誰が為ぞ-3
体が動かないという現実は、耐え難い事実として父に重くのし掛かった。
酒を呑む度に多弁になって下らない洒落で笑っていた父は、酒を煽る度に寡黙になった。
動きたい、動かない。
父の心がどんな葛藤を繰り返したのかは分からない。
けれど遂には一言も発する事は無くなり、一日をベッドで過ごすようになってしまった。
――――
カタン、と小さな音がして私は目を覚ました。
郵便受けに手紙が届いたのだと寝ぼけ眼で理解して、玄関へと向かうとひんやりとした空気が頬を掠める。
外にはちらほらと雪が舞い始めている。
「あぁ美代ちゃんからか」
数年前にこの村から引っ越した友人は、季節の変わり目に思い出したように手紙をくれる。内容は友人の近況。
希望の進路に進めそうだと言うこと。
旅行に行ったこと。
面白い友人が出来たということ。
ただ日々の戯れ、他愛もない話題。それを私が切望する事だなんて友人は知らないから無邪気にじわじわと首を絞められているような感覚に陥る事がある。
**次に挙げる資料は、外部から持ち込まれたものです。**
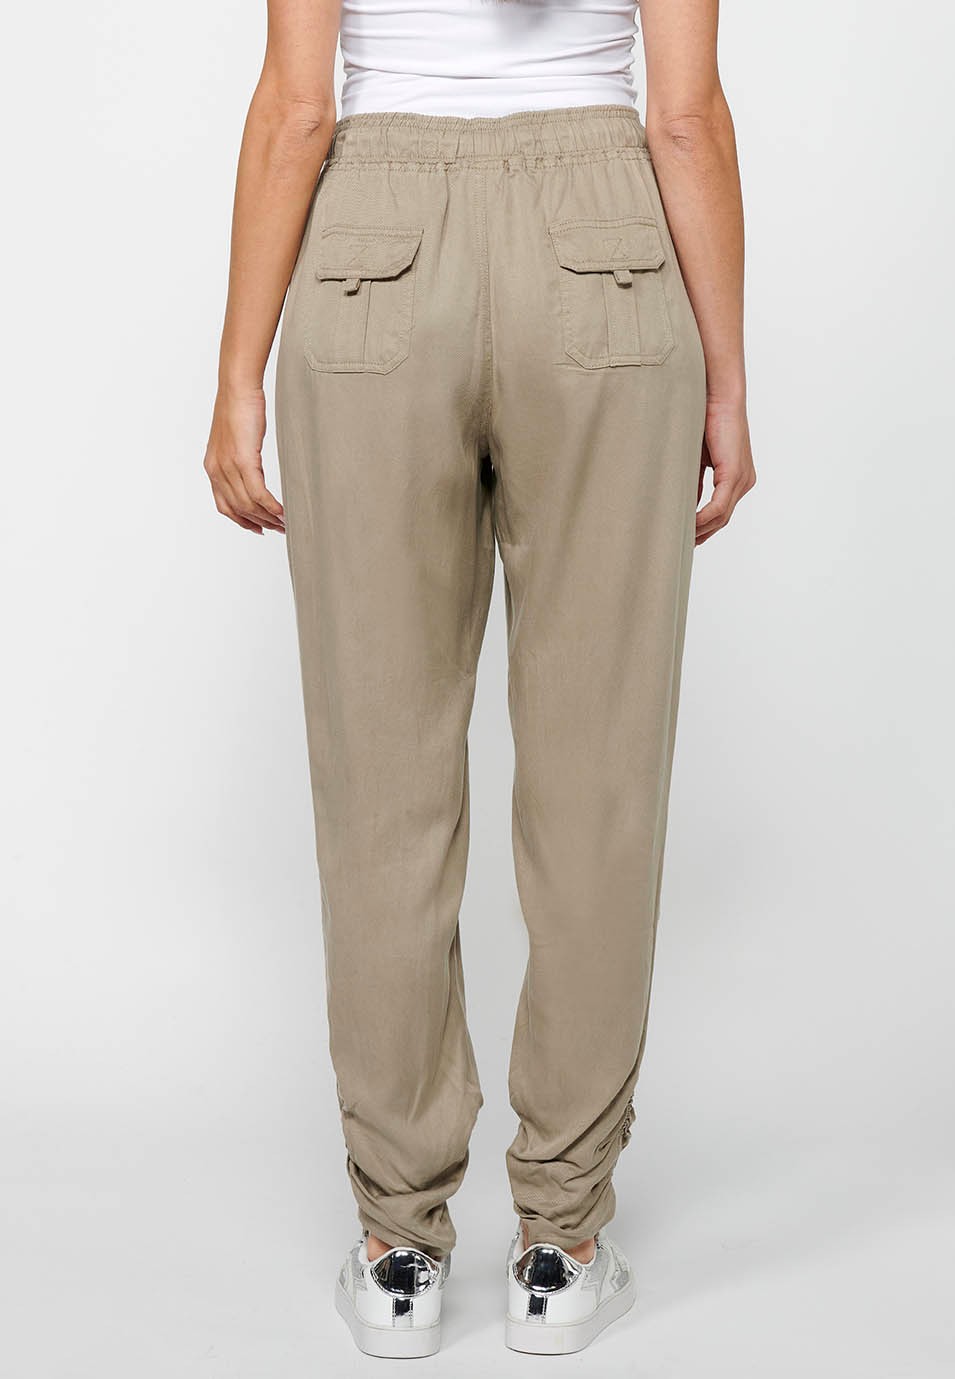 Pantalón largo jogger con Acabado rizado y Cintura engomada con Cuatro bolsillos, dos traseros con solapa de Color Gris para Mujer 4

どす黒い感情が足元を這いずりながら私を浸食する。
このままずっと、永遠に、恒久に、この時間が続く?
「今夜は吹雪くかな?」
私は曇った窓を覗いて、何も考えないようにした。
夕刻を過ぎる頃には鉛色の雲が空を包む、どこからこんなに降るんだろうと言いたくなる位の雪が、落ちては溶けていく。
テレビからは天気予報、この村の天気をダイレクトに伝えてはくれないけれど山間部は吹雪くでしょう、との声に私はため息をついた。
もうそろそろ、父に夕食を食べさせて体を拭く時間だな、そんな事を考えながら立ち上がるのと電話のベルが鳴るのは、図ったように一緒のタイミングだった。
「もしもし?」
駐在さんか、それとも父の掛かり付けの医者かしらと電話を取る。
私達を心配して電話をくれるのはその二人位だ。
『久しぶり、私よ』
「誰?」
心当たりのあるとても懐かしい声だったけれど、私は当たって欲しくはなくて知らない振りをした。
『もうお母さんよ!今日ね偶然街で竹下さんに会ったのよ。それであなた達の話し聞いて、ね』
「久しぶりに思い出したんだ、私たちの事」
竹下さんの引越しは昨日だからもう無事に終わったのだとぼんやりと思った。